At least the question sounded genuine.

“Yeah.” Erik took another gulp of air and cleared his throat again. “I’m good. I’m doing well. Yeah. Thanks for asking. And you guys? How’s everyone doing at home?” He hated how high his voice went when he tried to sound cheerful.

“Yeah, we’re good. Um, the kids have been asking about you.”

Erik bit back a sob. “Can you tell them I love them?” He managed to squeak out.

“Yeah, I will.”

There was still so much more that Erik wanted to say, so much that he wished they knew about him. But what use was it now? What could he say now to get them to listen, to get them to understand that he was the same person they’d always known? What could he say to convince them to let him back in?
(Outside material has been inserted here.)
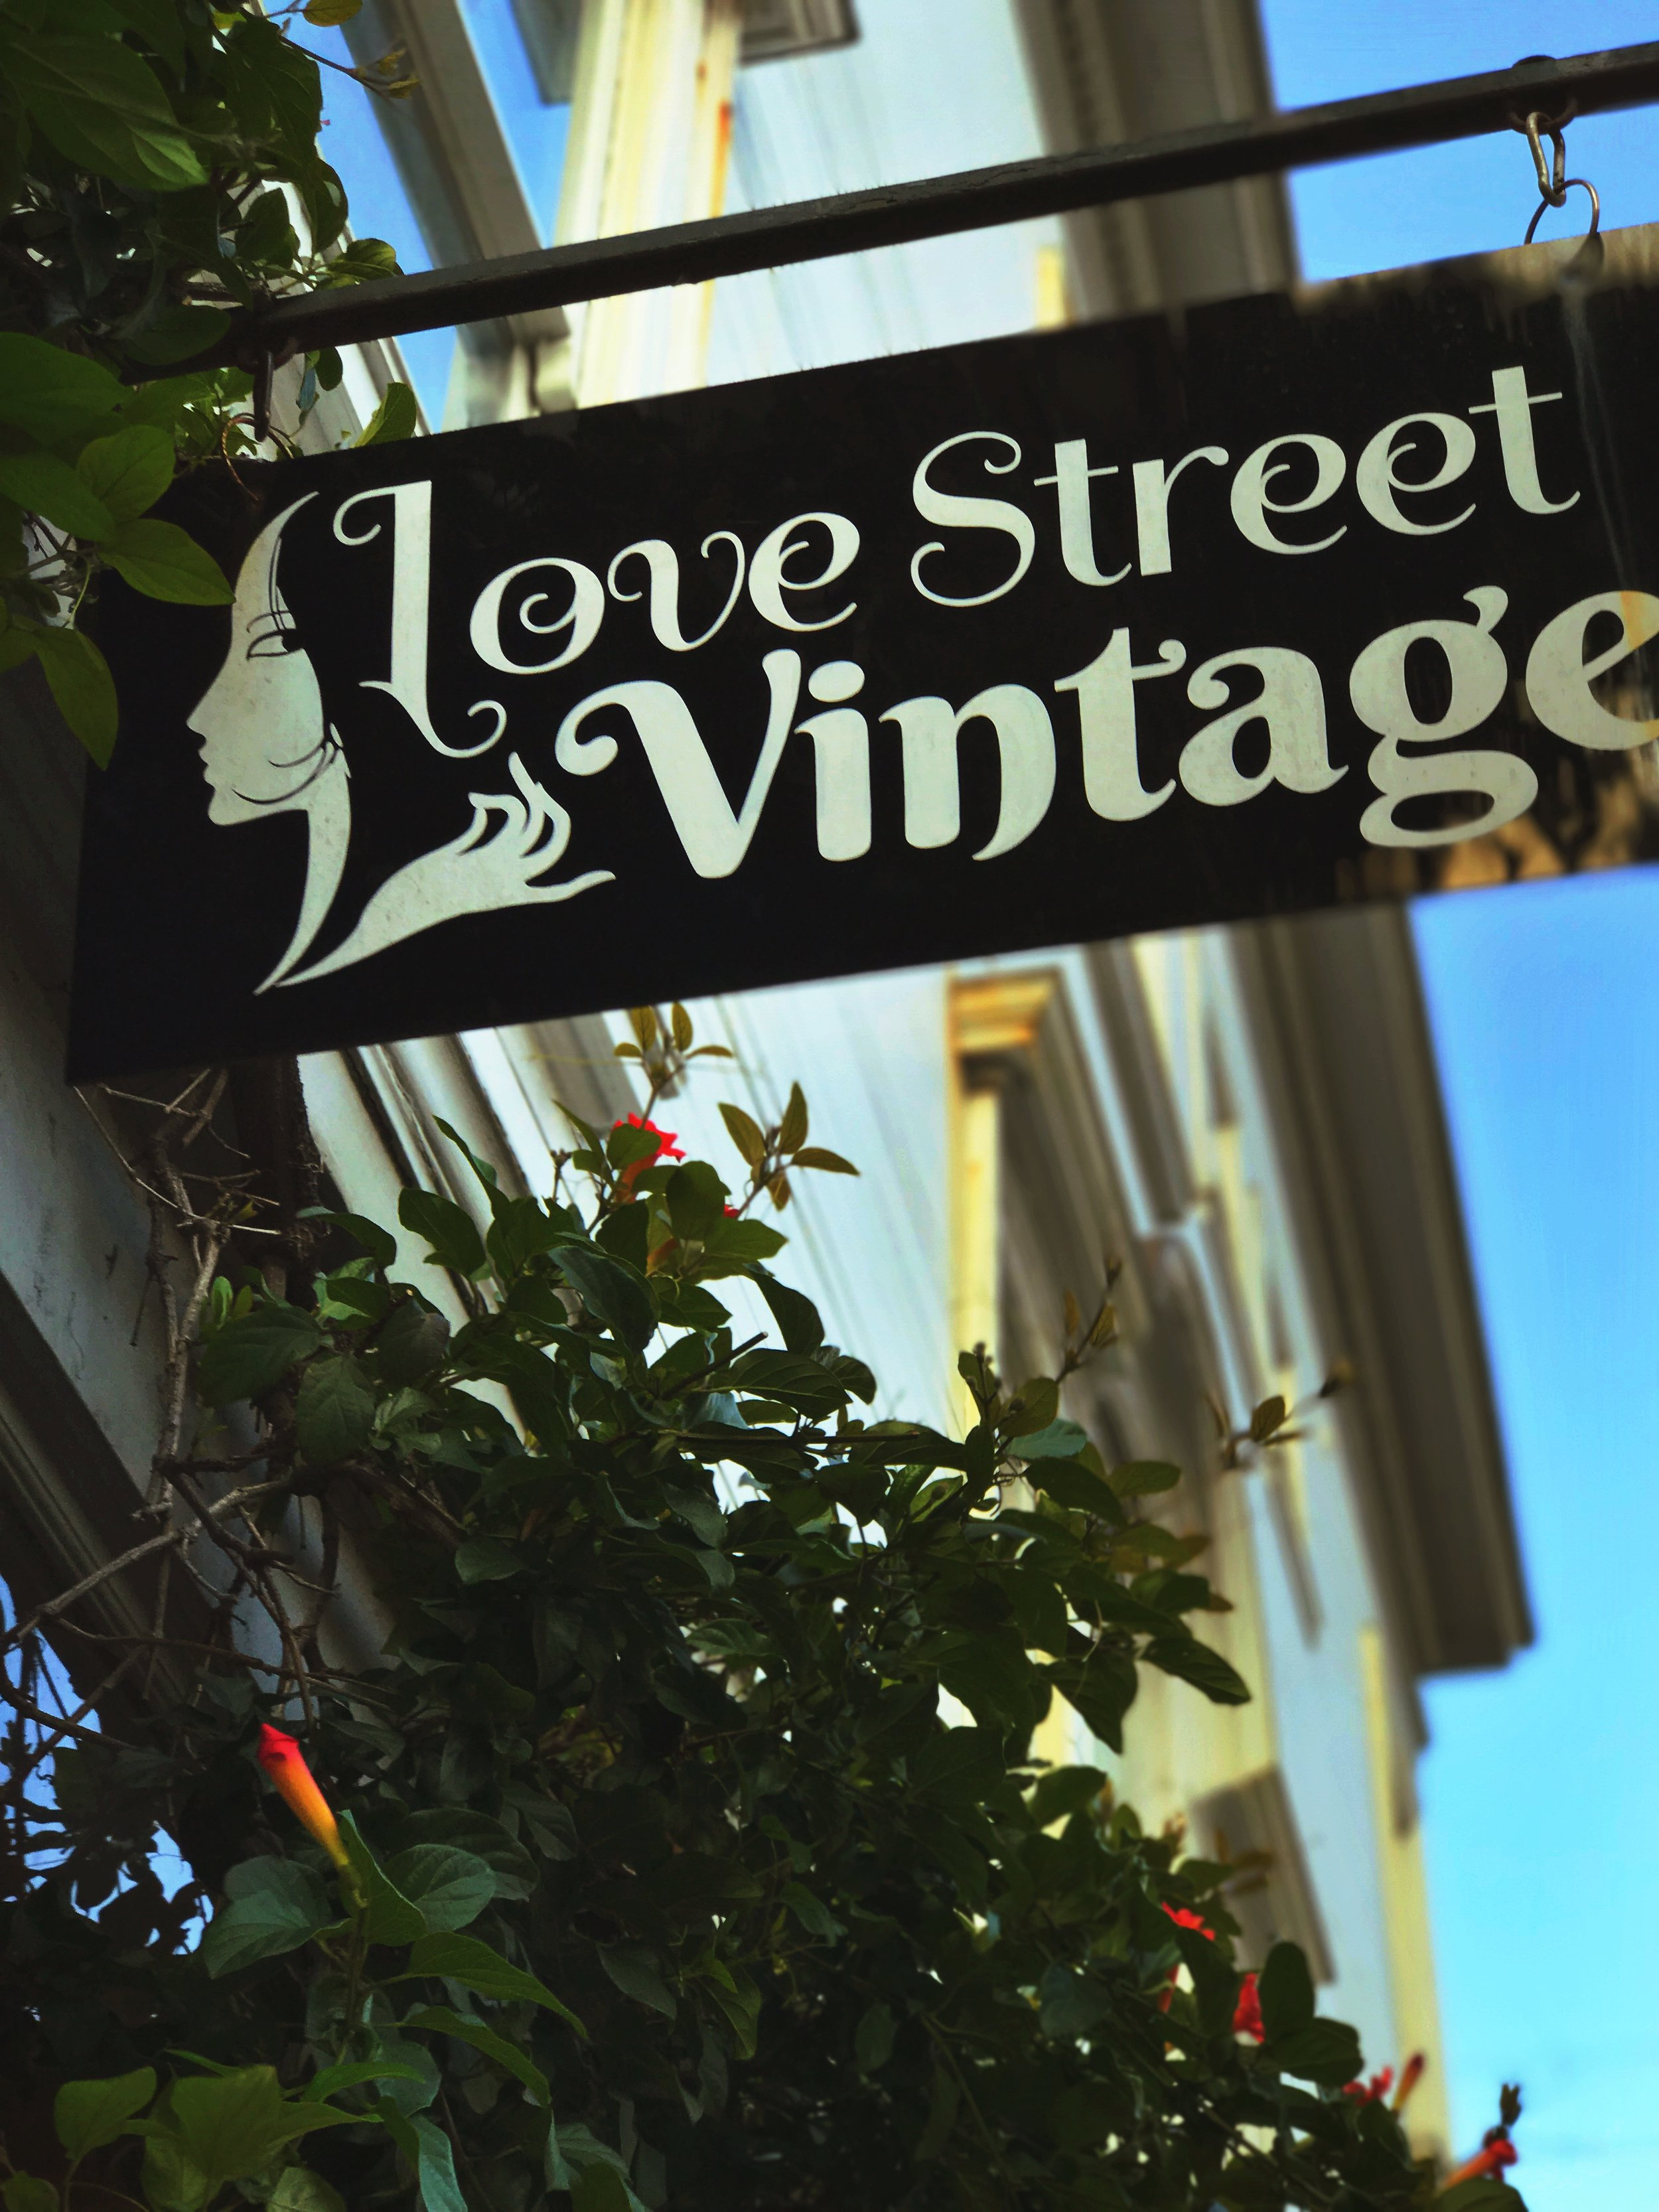 Love Street Vintage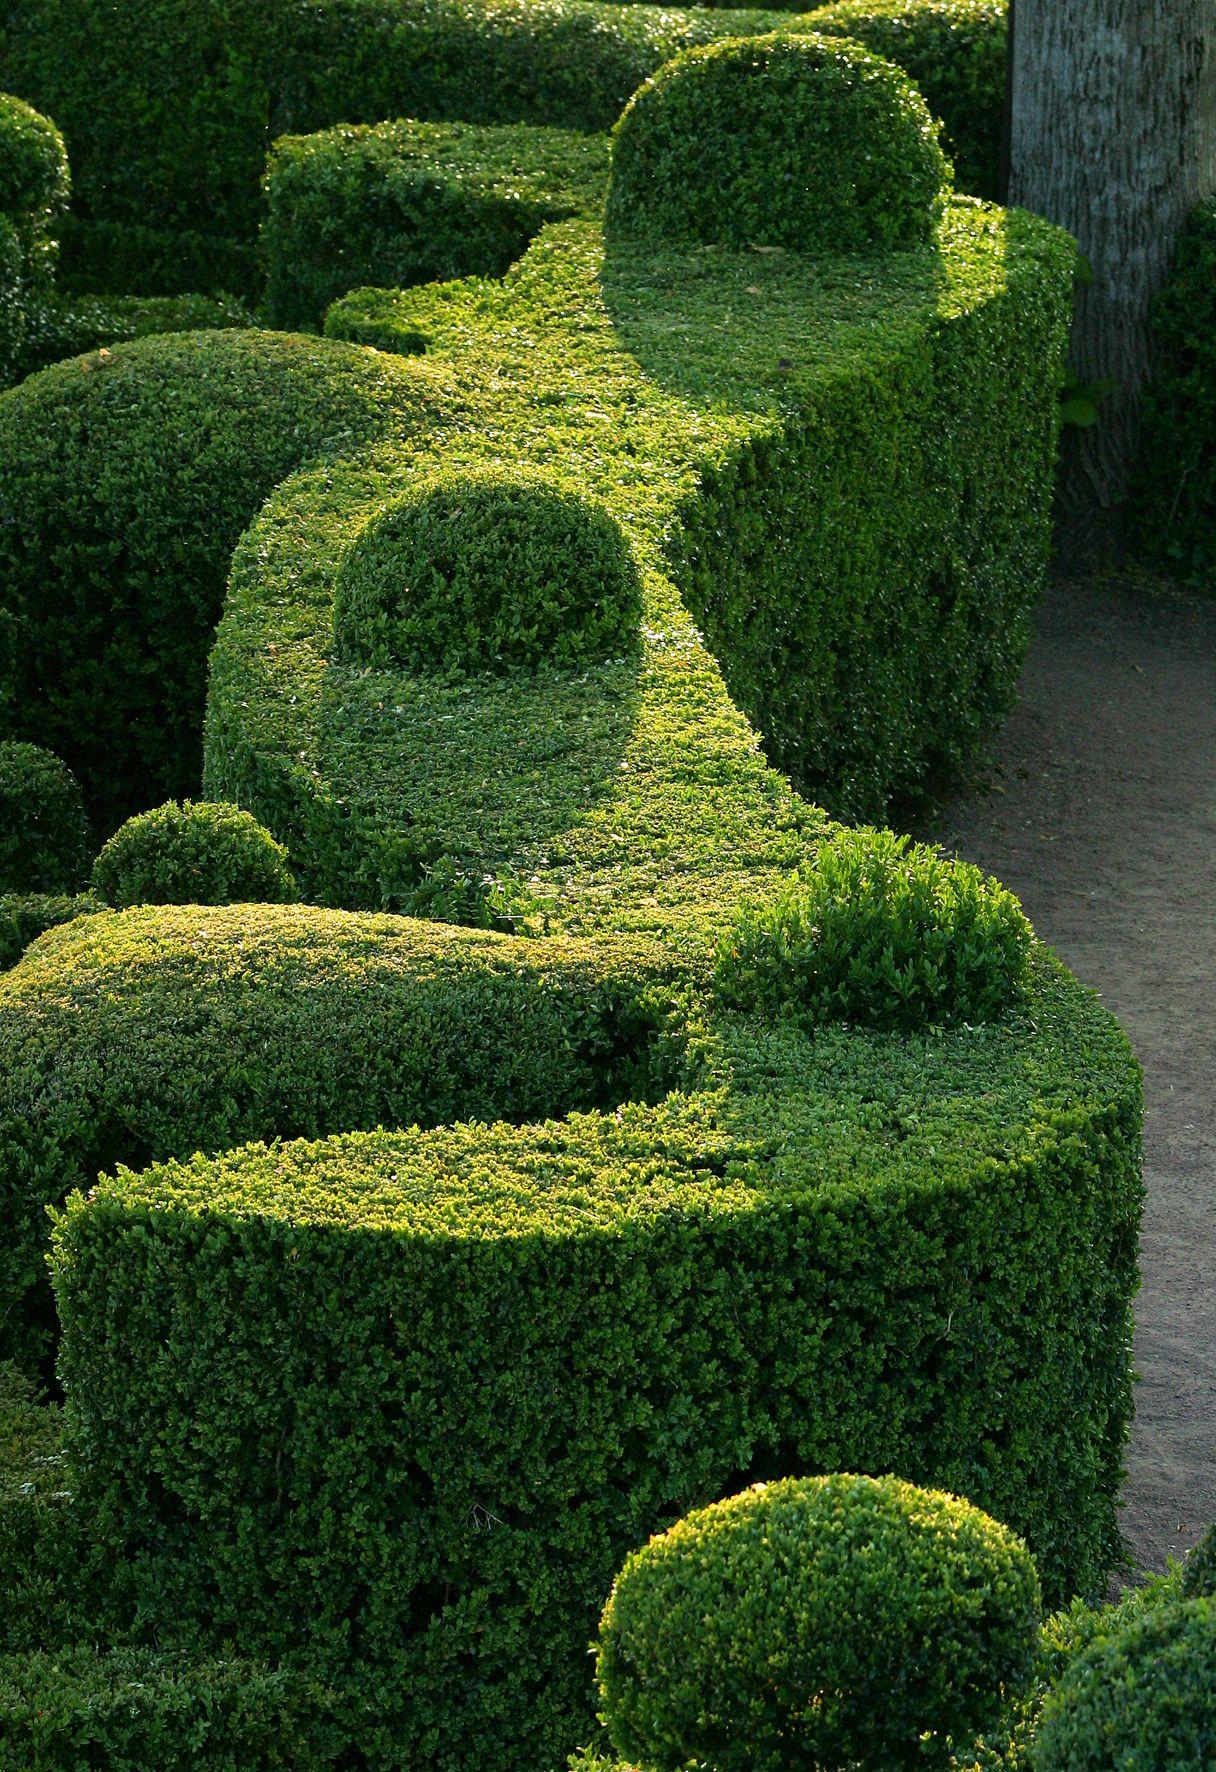 boxwood shapes   Les jardins de Marqueyssac - Belvédère de la Dordogne (tourisme ...

“I… I should go.” Dean sounded resigned, and Erik thought he heard a tinge of regret.

“Yeah.” Another deep breath. “Yeah, okay. Happy Thanksgiving.”

“Happy Thanksgiving to you, too.”

As the line went dead, Erik gripped the phone tightly in his hand, and despite telling himself not to, he threw the damn thing across the room. It hit the opposite wall with crack and tumbled to the floor.